_Exercise details:_ For the records below, print the lines from the line with "Özgüner Oyuncak Minnie" through the line with "Modell der Kreidetafel" exactly as written; include both end lines and exclude the rest.

_Dataset entries:_
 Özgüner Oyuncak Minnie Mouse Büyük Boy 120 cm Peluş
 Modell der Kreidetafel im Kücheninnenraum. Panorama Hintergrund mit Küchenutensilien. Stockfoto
==
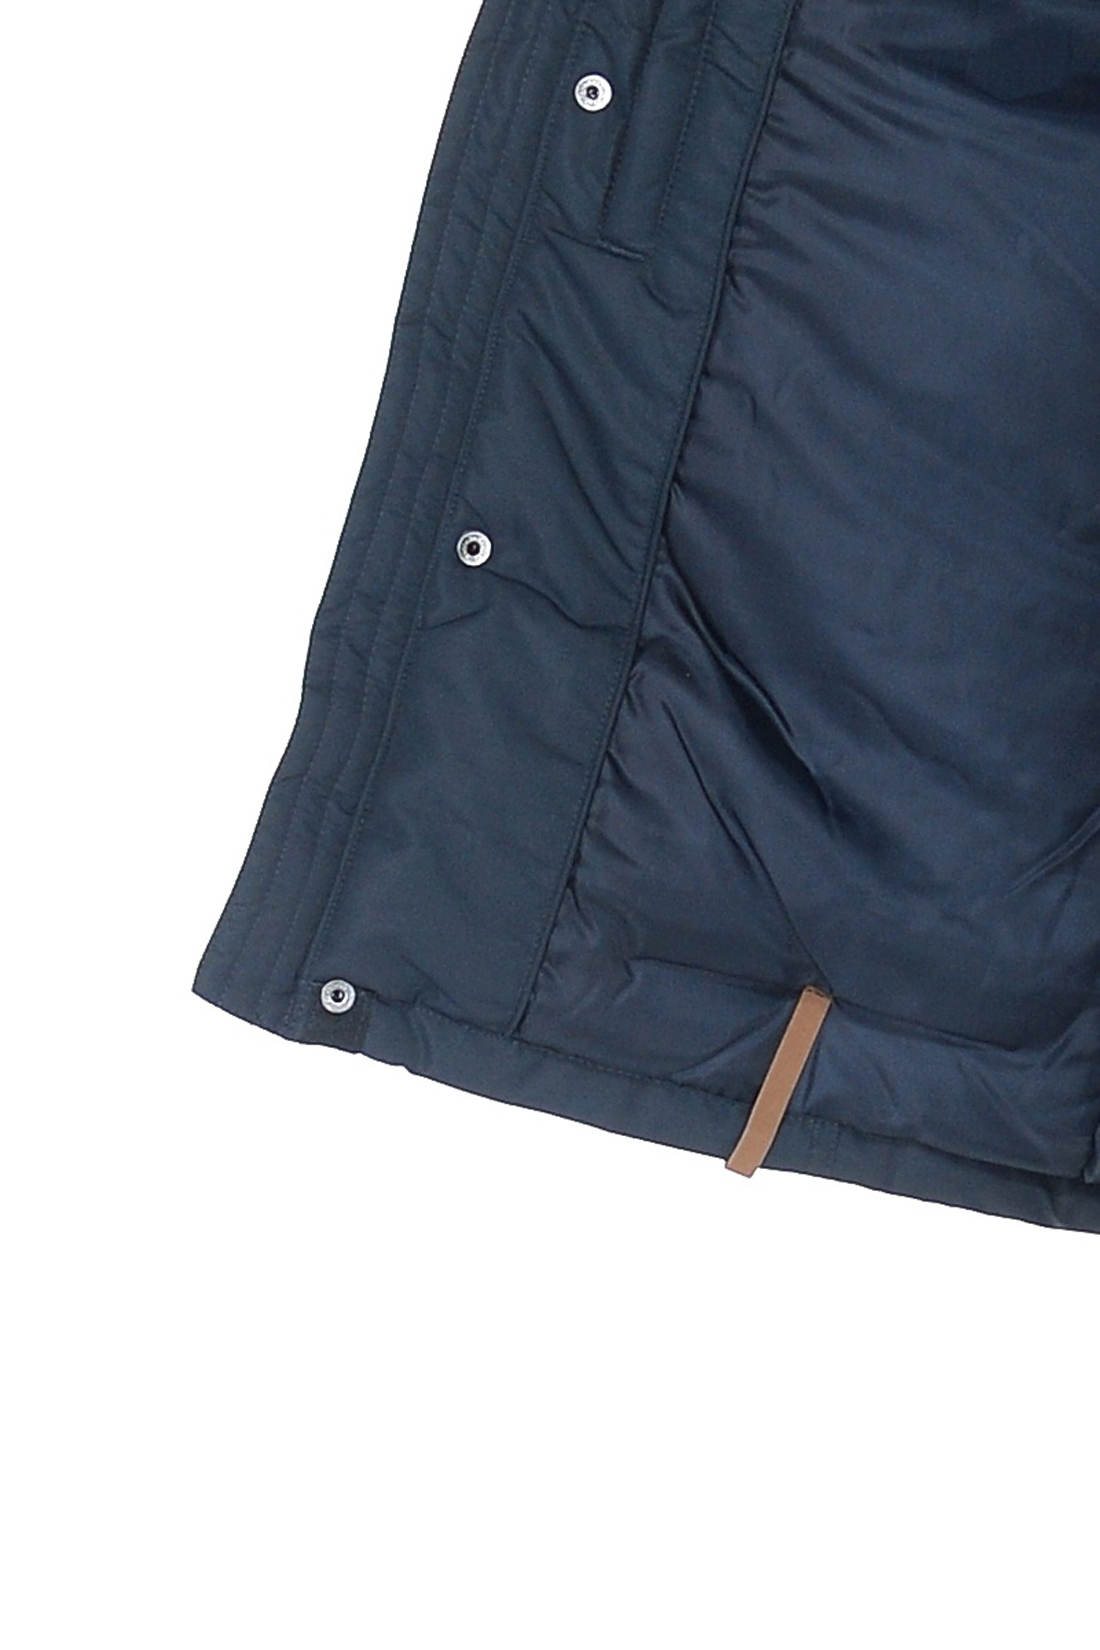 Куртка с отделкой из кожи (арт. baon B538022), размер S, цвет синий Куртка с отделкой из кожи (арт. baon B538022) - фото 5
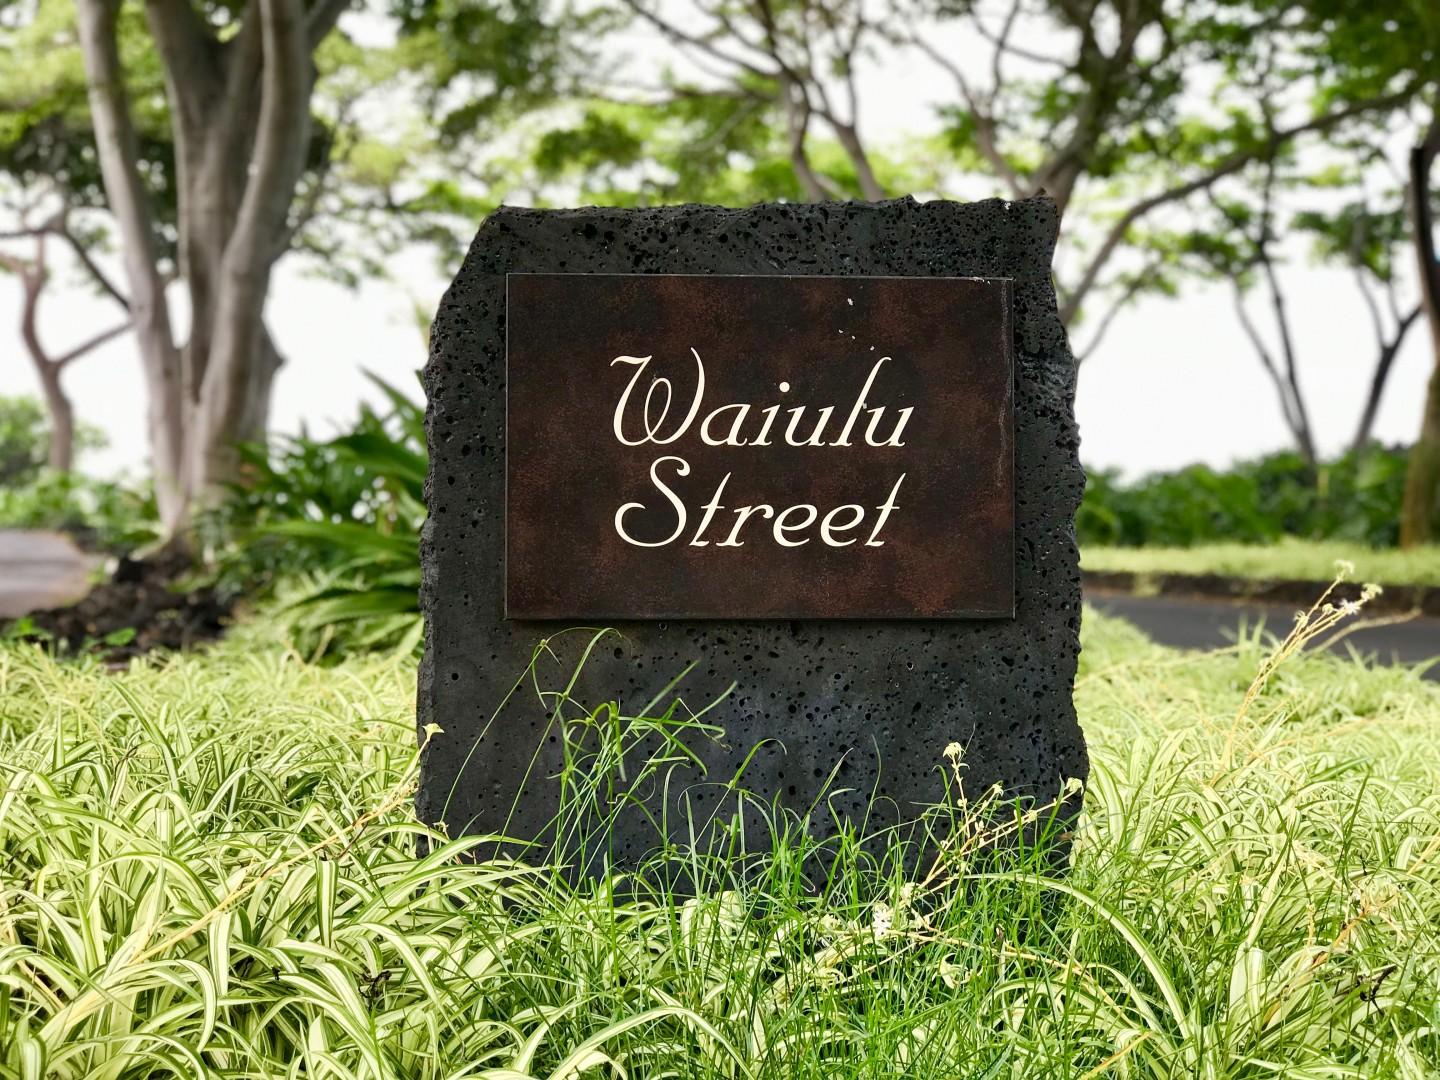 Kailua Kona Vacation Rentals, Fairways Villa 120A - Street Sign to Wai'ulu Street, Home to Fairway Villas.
--
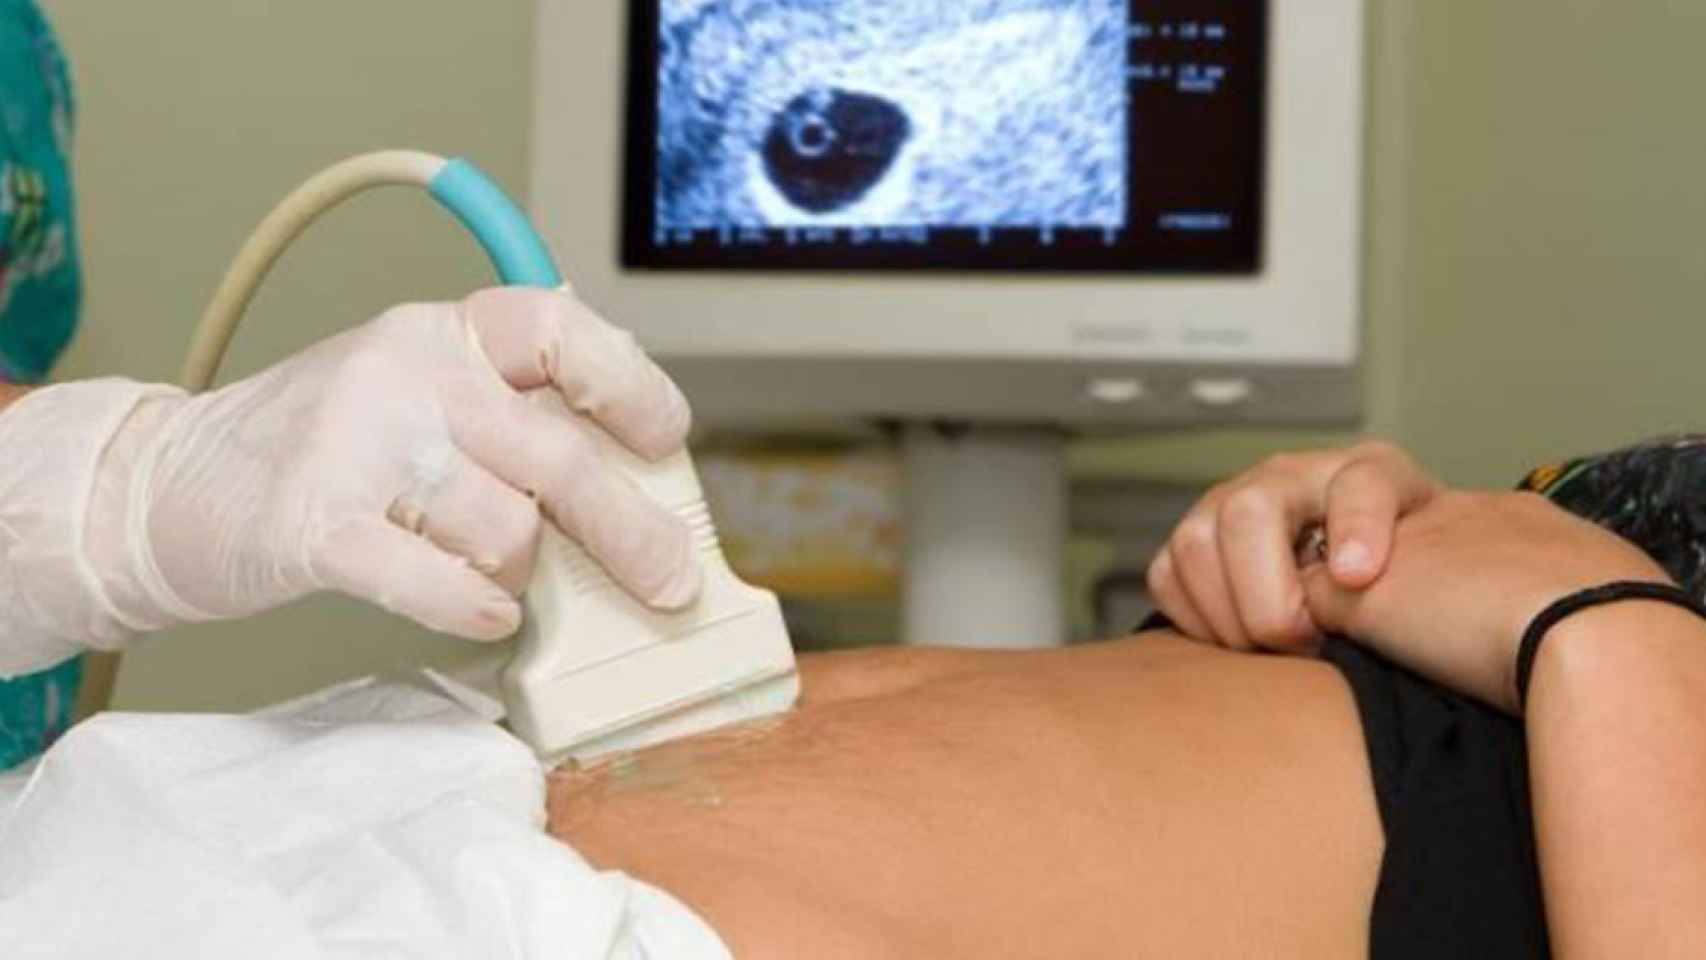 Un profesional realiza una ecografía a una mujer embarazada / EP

_Your solution:_
 Özgüner Oyuncak Minnie Mouse Büyük Boy 120 cm Peluş
 Modell der Kreidetafel im Kücheninnenraum. Panorama Hintergrund mit Küchenutensilien. Stockfoto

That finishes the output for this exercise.